Поутру, еще до начала занятий, школьники приносят на комиссию в лавочки Сент-Джонса битых зайцев, изловленных в пригородных лесах с помощью силков, поставленных с ночи. Никто не возмущается, наоборот, родители радуются скромному дополнительному денежному доходу, а покупатели – возможности разнообразить свое небогатое меню питания.
А я бы не смог изловить зайца и с целью продажи лишить его жизни. И ты бы, вероятно, не сумел, получив от меня воспитание.

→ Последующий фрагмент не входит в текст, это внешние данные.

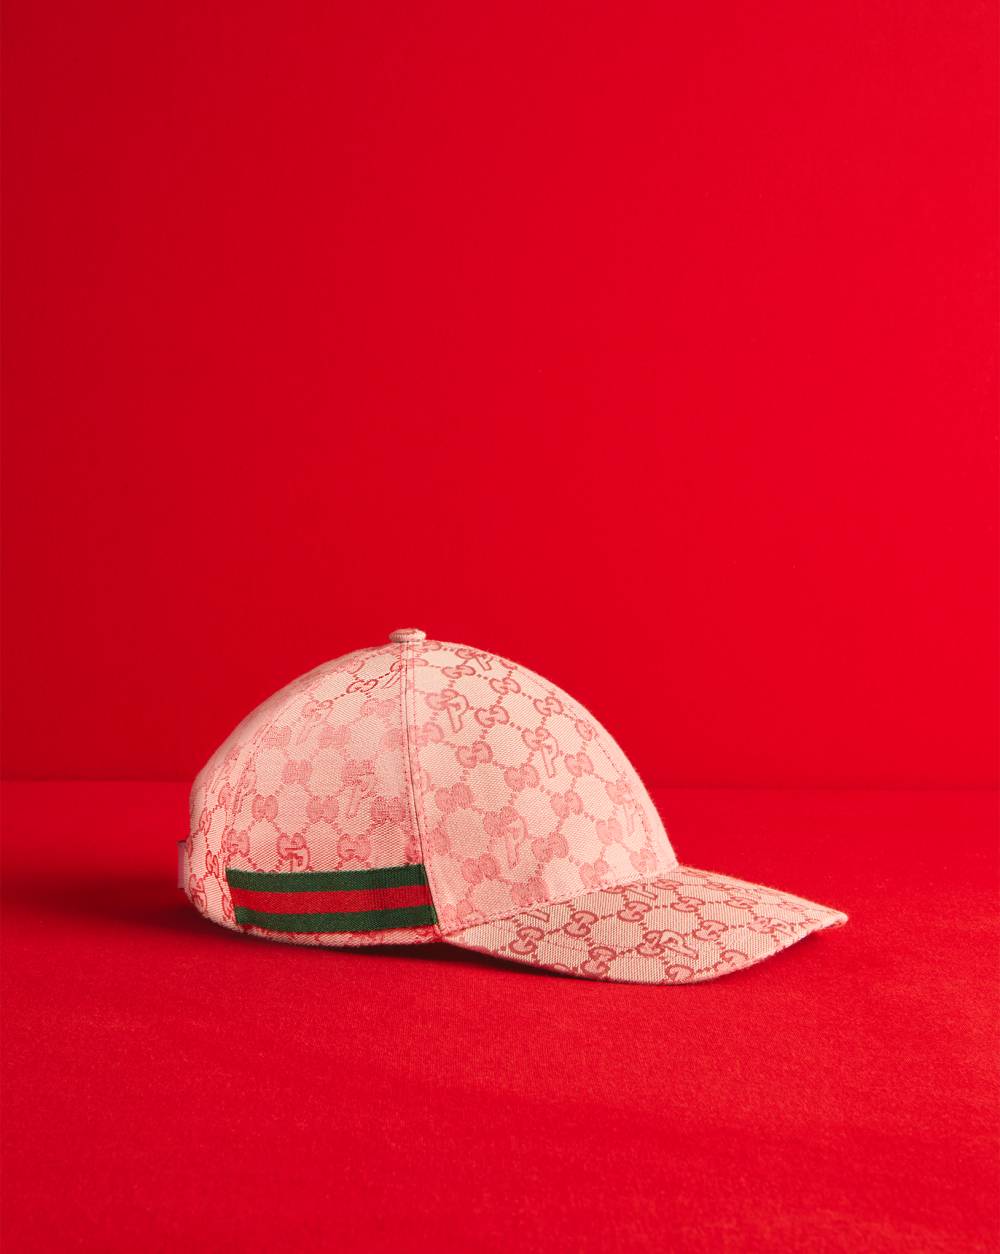 GG-P canvas baseball hat by Palace Gucci
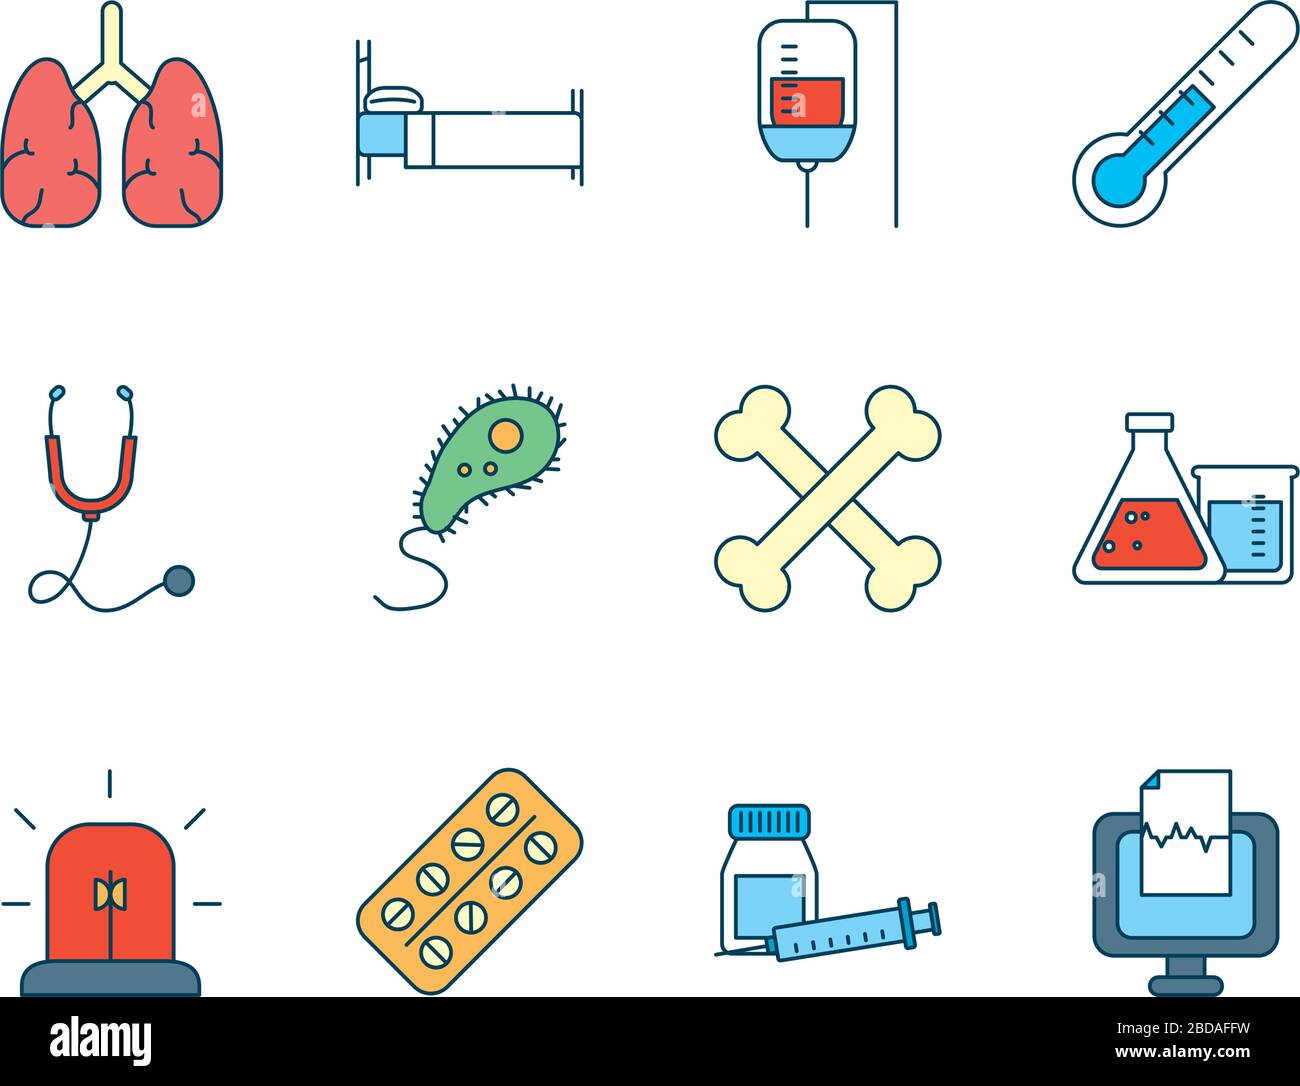 Menschliche Organe mit einem Symbol für medizinische, wissenschaftliche und Untersuchungssymbole, das auf weißen Hintergrund, Linien- und Füllstil, Vektorgrafiken gesetzt ist Stock Vektor

Я сам видел такого позавчера, когда с позволения главврача отправился на прогулку за пределы города. Населенный пункт невелик, до леса можно дойти за неполный час. Я выглядел точь-в-точь как подмосковный грибник, оставивший дома свою супругу-грибницу: на локте вместительно качается сплетенная из веток плакучей ивы корзина, в руке довольно острый, хотя и небольшой нож. Стояла прибалтийская сырость, серость, усугубляемая гранитными валунами, лежавшими, словно окаменевшие мешки с картошкой, там и сям. Обгонявшие меня удивленные автомобилисты нажимали на клаксоны своих подержанных машин в знак приветствия и одобрения. Аэронавт Мещерский в силу пожилого возраста сильно отстал, даже отчасти рассеялся в туманном воздухе, а мне хотелось побыть одному, и я не останавливался. Хотя и понимал, что рано или поздно придется подождать товарища: в одиночку мне вряд ли одолеть припасенную бутылку сорокаградусной.